For now, House Republicans acknowledged “they had temporarily been reduced to virtual bystander status,” points out the Associated Press. Some Republican lawmakers were quick to say they still want any agreement to contain Obamacare concessions. Still, some Democrats expressed hope the House GOP would eventually go along with a Senate plan, assuming one emerges, of course.

Original post, Oct. 12 at 11:43 a.m.: House Speaker John Boehner did not mince words early Saturday morning, telling House Republicans at a closed-door meeting that he had been unable to reach a deal with President Obama to reopen the government and increase the debt ceiling. Boehner reportedly told lawmakers negotiations had ended without an agreement, according to the Hill. “There is no deal,” Boehner reportedly told Republican lawmakers, “no negotiations going on.”

Now, on the 12th day of the shutdown, all eyes turn to the Senate, where a plan is in the works that could open the government and raise the debt limit. Three Senate Republicans led by Sen. Susan Collins of Maine are spearheading the proposal that would delay the medical device tax for two years and create a provision to make sure only those eligible receive subsidies in the insurance exchanges, reports the Hill. To make up for the lost revenue, the proposal would change the way pensions are calculated, notes Politico. The deal would extend government funding for six months at the current leveland raise the debt ceiling until January 31, according to Reuters.

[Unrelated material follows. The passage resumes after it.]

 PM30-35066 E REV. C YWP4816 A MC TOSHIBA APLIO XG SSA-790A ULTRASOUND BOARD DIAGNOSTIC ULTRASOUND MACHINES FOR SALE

Lawmakers are working against the clock as the Treasury has warned the debt limit must be increased before Thursday to avoid the first-ever U.S. debt default. House Republicans, so far at least, aren’t too optimistic. “The deal that we understand they’re offering would be very problematic,” Rep. John Fleming said Saturday morning, according to the Post, adding that the House GOP is “more unified now than ever before.”

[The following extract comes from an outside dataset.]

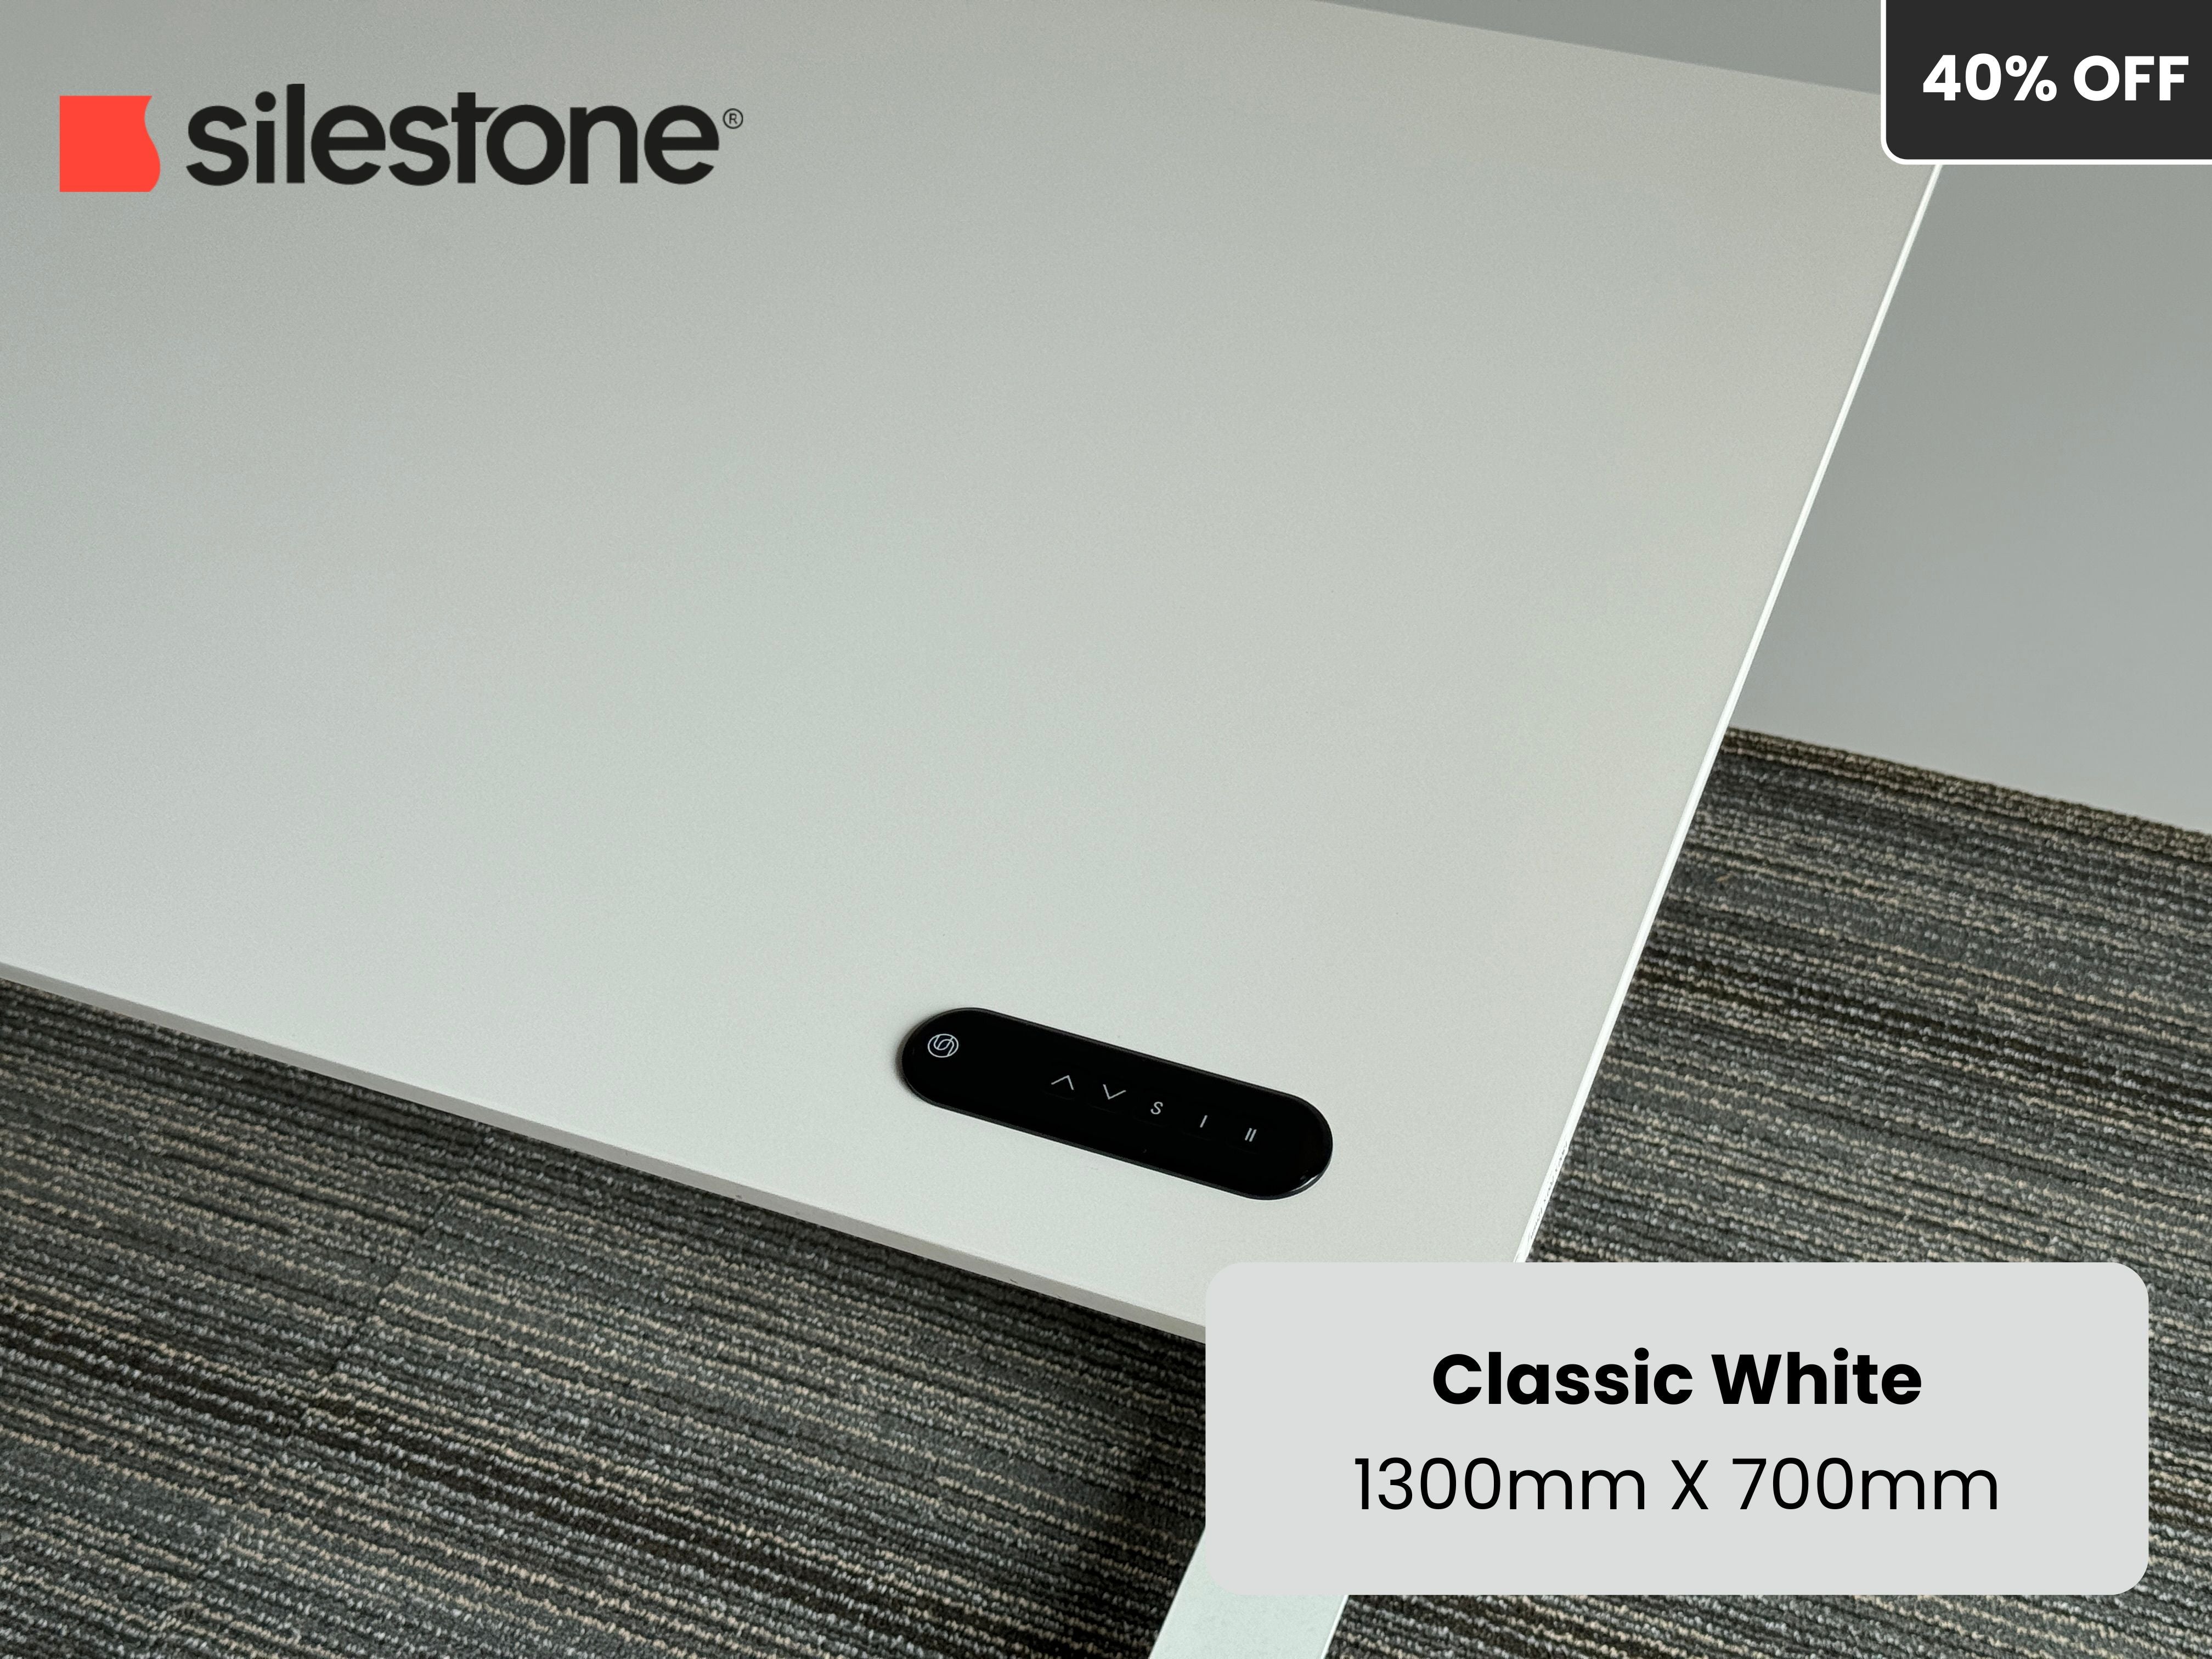 Classic White Silestone Standing Desk

Although there seemed to be a light at the end of the tunnel on Friday that a deal might be reached this weekend, that now seems unlikely. When House members were told there would be no votes over the weekend, many decided to head to their home districts. “I was optimistic yesterday morning,” a lobbyist told Reuters on Saturday. “I’m a little less optimistic today and so are folks I’ve talked to” on Capitol Hill.